1. Research the charity. Check with the Better Business Bureau, which sets standards for charity accountability, and the American Institute of Philanthropy, a watchdog organization that rates charities. Never give to an unfamiliar charity until you've done some research, and make sure you have the exact name. Sometimes scammers use names that sound similar to well-known charities. The American Institute of Philanthropy suggests requesting written information, including a list of the board of directors, a mission statement, and an annual report. Reputable charities are happy to provide information.

2. Don't give out your credit card number over the phone to someone claiming to be from a charity, no matter how passionate the pitch.
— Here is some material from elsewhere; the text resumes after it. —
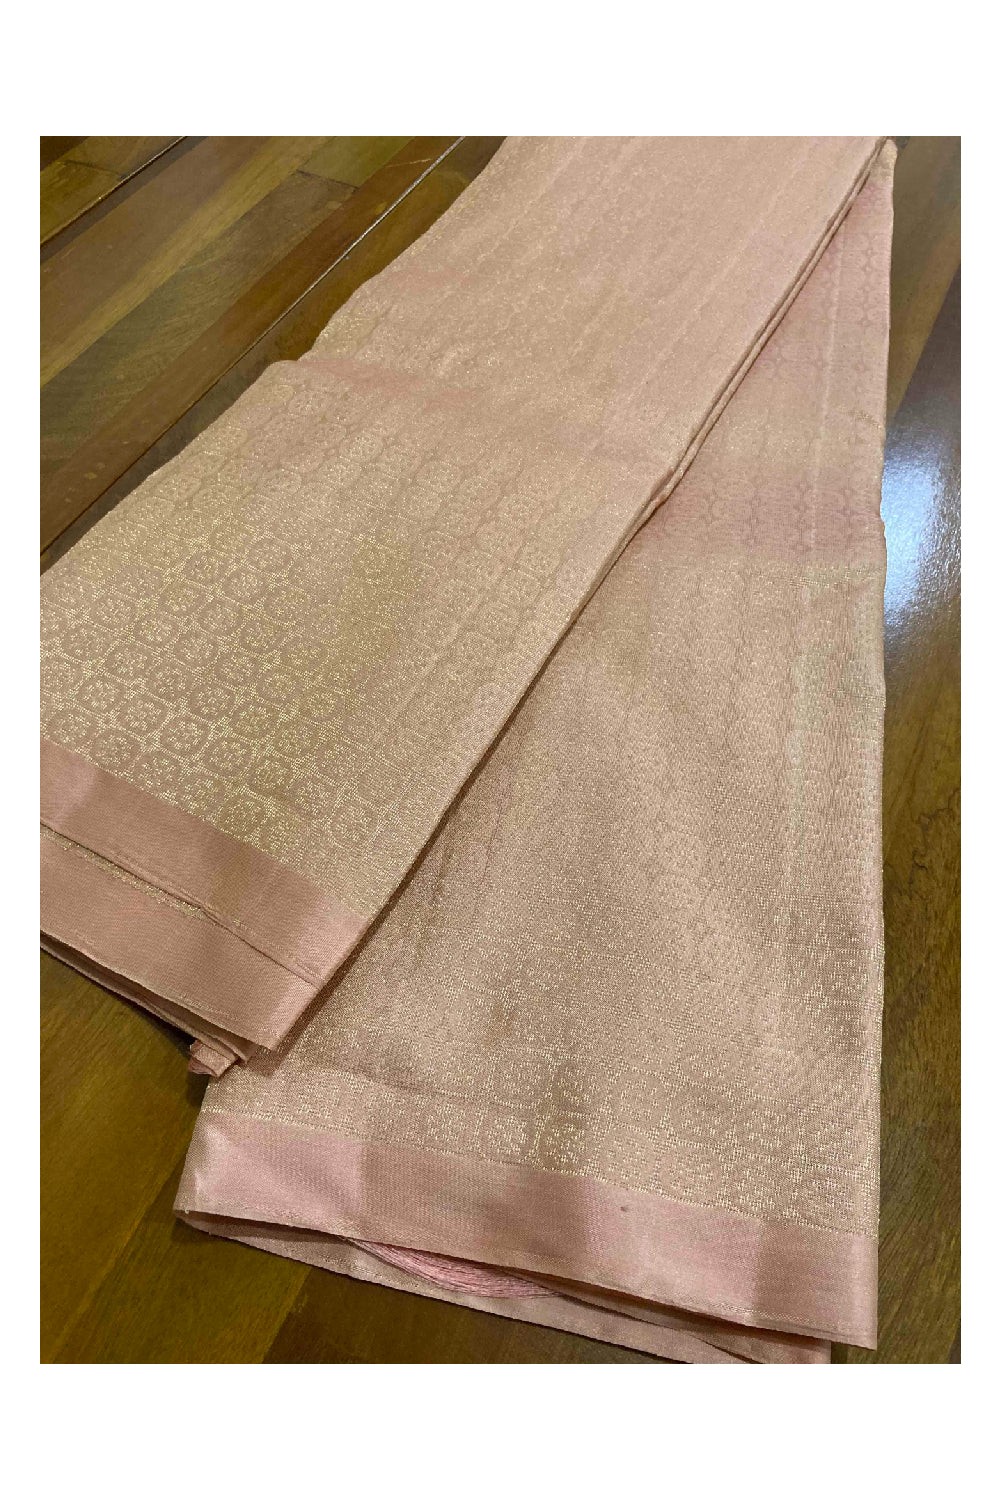 Southloom Handloom Pure Silk Manthrakodi Kanchipuram Saree in Single Pinkish Colour and Silver Zari Motifs

Reputable charities do not pressure you to give on the spot.

3. Don't respond to e-mail spam solicitations, even if they appear to be from legitimate organizations. Go directly to the organizations' Web sites instead. A Web link in an e-mail could be a scammer's site, set up to steal your money via your credit cards.

Use Credit Cards Only on Secure Sites

4. Donate only on charity sites that use encryption technology, which scrambles your personal credit card information before transmitting it. Look for signs that the site is secure, such as an "s" after the "http" preceding the address, and a padlock or key symbol at the bottom of the Web page.

5. Give directly to organizations, rather than groups promising to donate on your behalf or to individuals. Sometimes scammers posing as charity representatives, government officials, or surviving victims solicit donations through e-mail or social networking sites.

6. If you think you might have been taken by a phony charity, report the incident to law enforcement. Call your credit card companies, and get free copies of your credit reports if you think information from your credit cards got into the wrong hands.